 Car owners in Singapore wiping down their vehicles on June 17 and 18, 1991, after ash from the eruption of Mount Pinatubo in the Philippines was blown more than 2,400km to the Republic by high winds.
--
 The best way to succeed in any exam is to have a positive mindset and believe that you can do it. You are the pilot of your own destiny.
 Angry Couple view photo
* * *
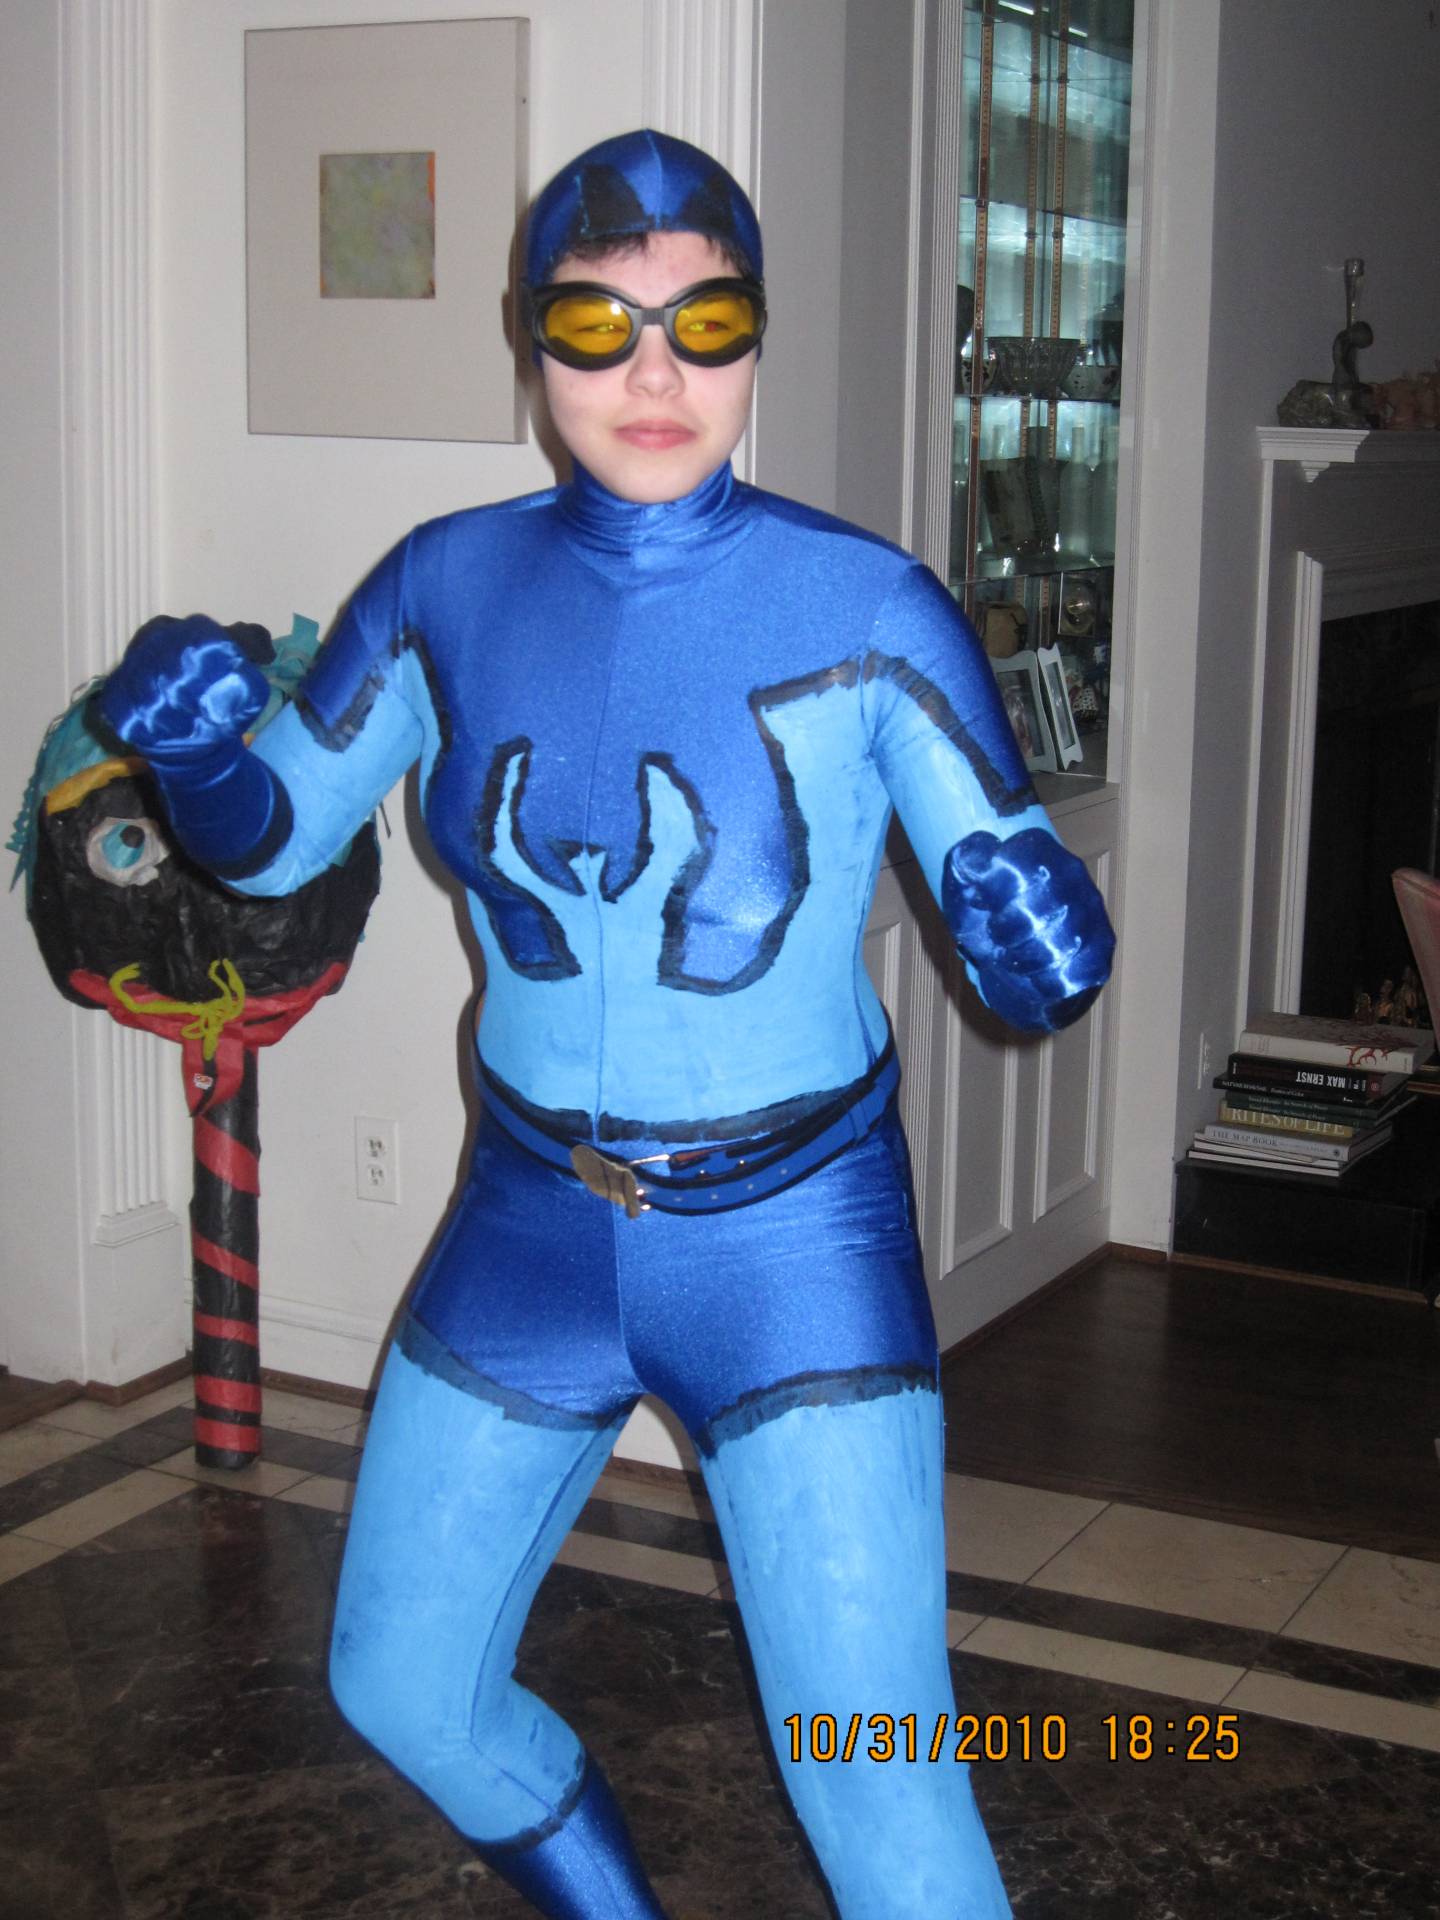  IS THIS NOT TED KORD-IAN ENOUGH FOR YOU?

TASK PROMPT
Only the lines above starting with the one with "The best way" and going through the one with "Angry Couple view photo" are to be copied, word for word and with both ends kept.

RESPONSE BELOW
 The best way to succeed in any exam is to have a positive mindset and believe that you can do it. You are the pilot of your own destiny.
 Angry Couple view photo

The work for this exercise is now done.